En attente de services de physiothérapie depuis cinq ans

Pays : CANADA
Institution : Protecteur du citoyen du Québec
Domaine d’intervention : Accès à la santé

Explication du problème

Une usagère dépose une plainte à l’égard d’un centre hospitalier. Après analyse, le Protecteur du citoyen constate qu’elle était en attente de services de physiothérapie dans ce centre hospitalier depuis 5 ans.

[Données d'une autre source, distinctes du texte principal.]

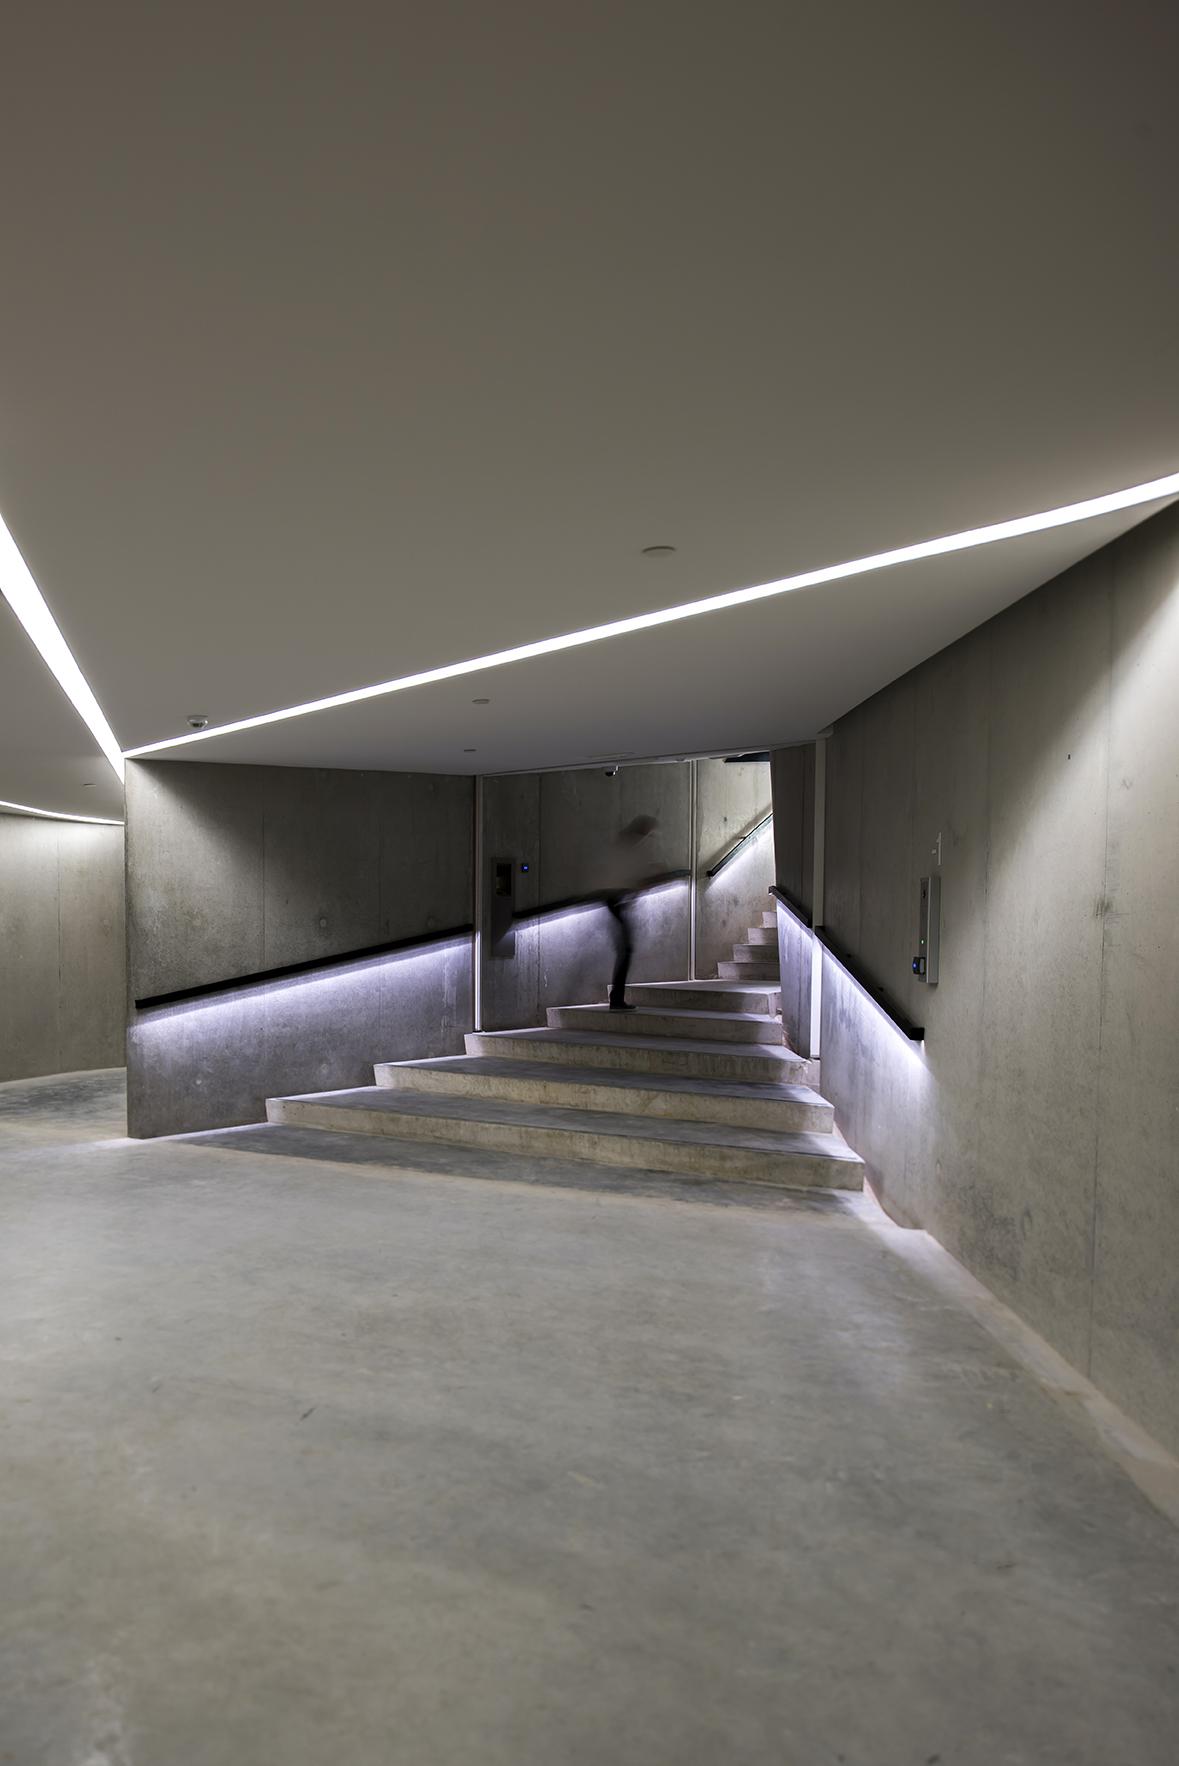 Garage Exit To Atrium

À la suite d’un préévaluation, la situation de l’usagère avait été jugée « semi-urgente ». On lui avait alors conseillé d’aller au privé car l’attente était très longue pour les personnes dans cette situation. En raison de la liste d’attente de plus de 600 usagers ayant une situation « urgente » bénéciait des services.

Intervention

L’enquête du Protecteur du citoyen a révélé que :

plus de 600 personnes attendaient afin d’obtenir les services d’un physiothérapeute;

Le Centre hospitalier ne disposait pas des ressources nécessaires en physithérapie pour réduire de façon significative les délais;

seuls les cas « urgents », ou ceux qui sont référés par la Commission de la santé et de la sécurité du travail sont traités rapidement en vertu d’une entente où leurs patients sont vus à l’intérieur d’un délai de 5 jours;

le Commissaire local aux plaintes et à la qualité des services avait prévenu la citoyenne qu’il était improbable que l’établissement puisse lui offrir les services de physiothérapie demandés. Il l ui conseillait de s’adresser à des cliniques privées de physiothérapie.

Résultats et suivi

Compte tenu que l’établissement agissait conformément à la Loi sur les services de santé et les services sociaux, au moyen d’une offre de services reflétant les ressources disponibles, le Protecteur du citoyen n’a fait aucune recommandation. Cependant, il demeure vigilant pour s’assurer de l’équité dans l’accès aux services entre les personnes qui ont les revenus suffisants pour avoir une assurance privée ou la capacité de se payer des services privés et les autres qui hésiteront à s’offrir ces services ou y renonceront, au détriment de leur état de santé.